ATA president Walter McCormick told an audience at the National Transportation Safety Conference, held March 2 and 3 in Washington, D.C., that three things would prevent fatigue in trucking: education and training; more roadside rest areas; and — ATA’s top policy priority — reform of the hours of service rules.

McCormick is pushing for a “negotiated rulemaking” to break the logjam on hours of service reform. Typically, federal rules are created through a process of proposals by an agency, followed by public comment and then a rulemaking. What McCormick wants is a reversal of the process: the hours of service players come up with a solution, then present it to the government. The traditional approach has failed, and there is precedent for this approach, he said.
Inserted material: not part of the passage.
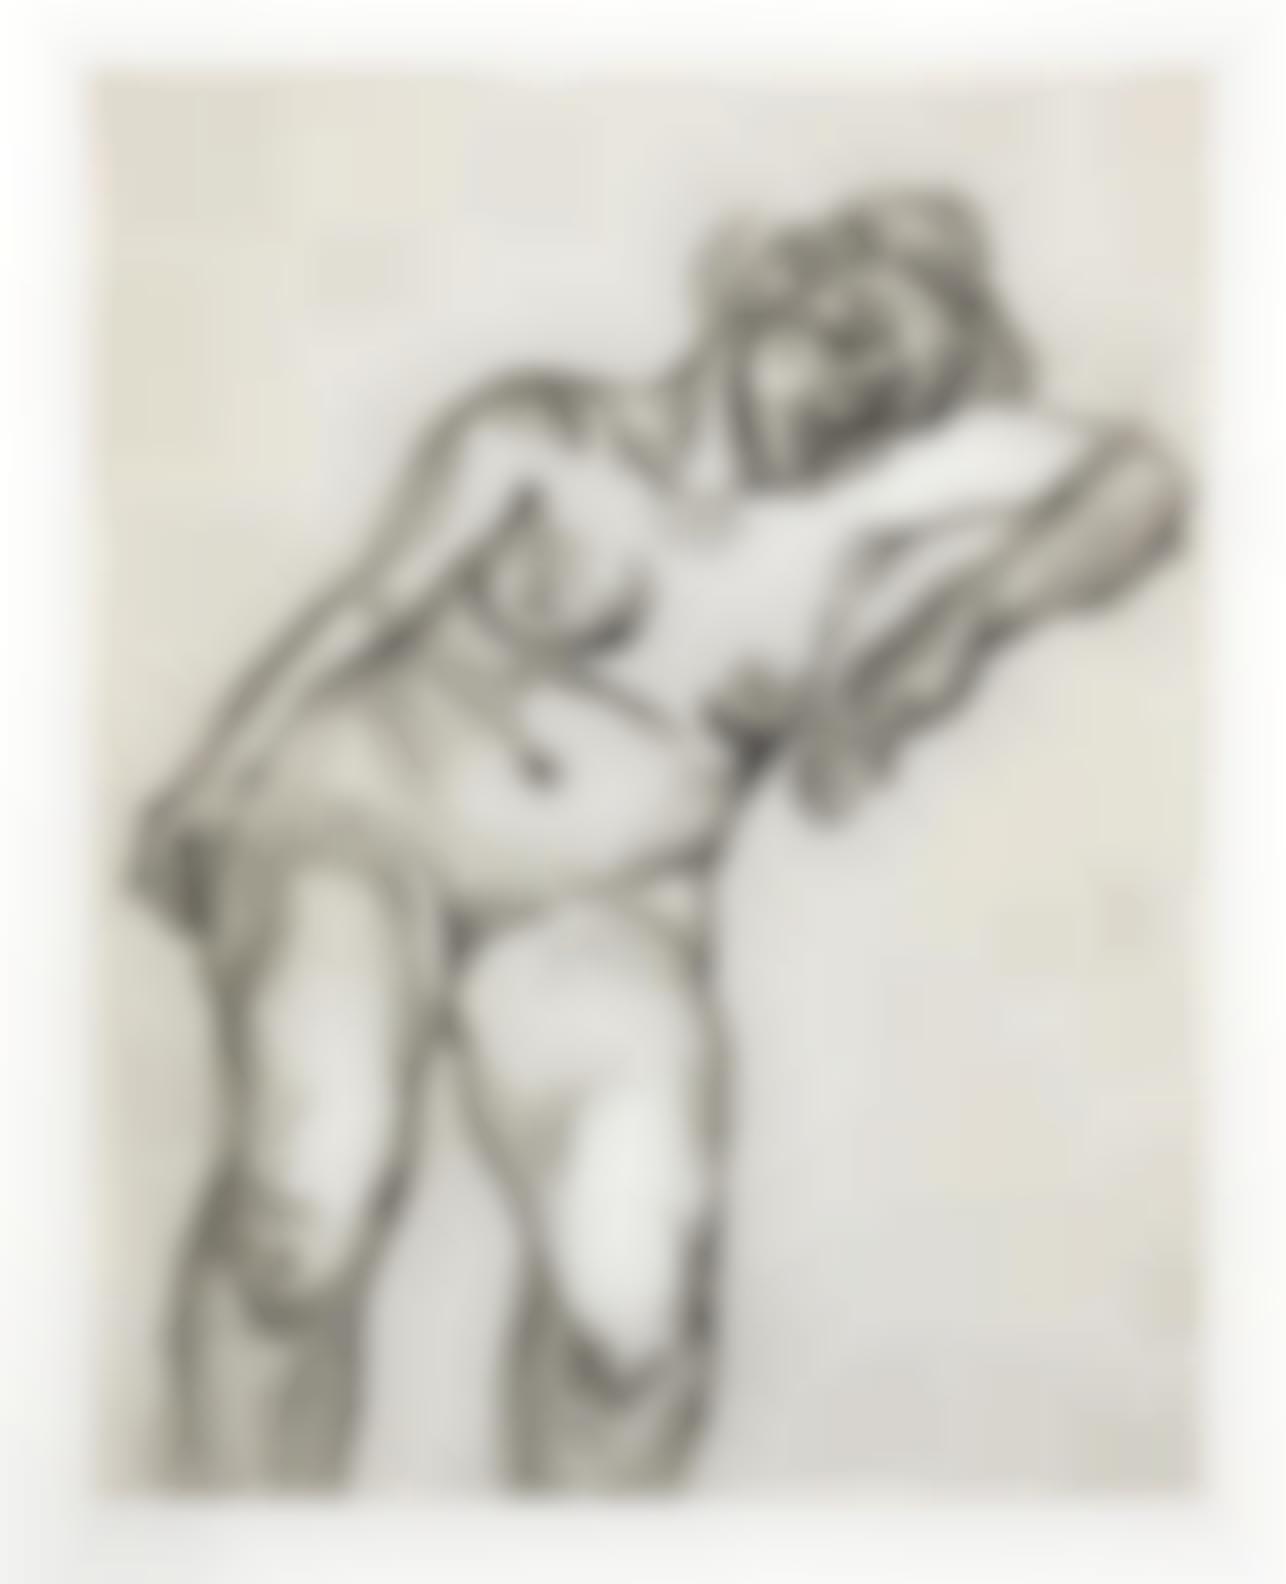 Lucian Freud-Blond Girl (Hartley24; Figura 33)-1985

But Joan Claybrook, director of San Francisco-based CRASH (Citizens for Reliable and Safe Highways), is vehemently opposed to the idea. She assailed ATA, saying she would never sit down to negotiate a rule that would lead to longer duty periods for truck drivers.

McCormick replied that ATA has not specified that it wants longer duty hours, but rules based in science. That may lead to more hours, but only if the science of fatigue shows that longer hours are safe, he said.

Meanwhile, U.S. Transportation Secretary Rodney Slater told representatives of all modes from government, trade associations, labor unions, and citizen’s groups, that his department would “focus sharply, with vision and vigilance, on safety and making a real difference for the next millennium.”

The attendees — numbering 300-plus in Washington — were asked to “Sign on for Safety” by pledging alertness to such safety fundamentals as driving sober, buckling seat belts, obeying speed limits, and avoiding unnecessary risks.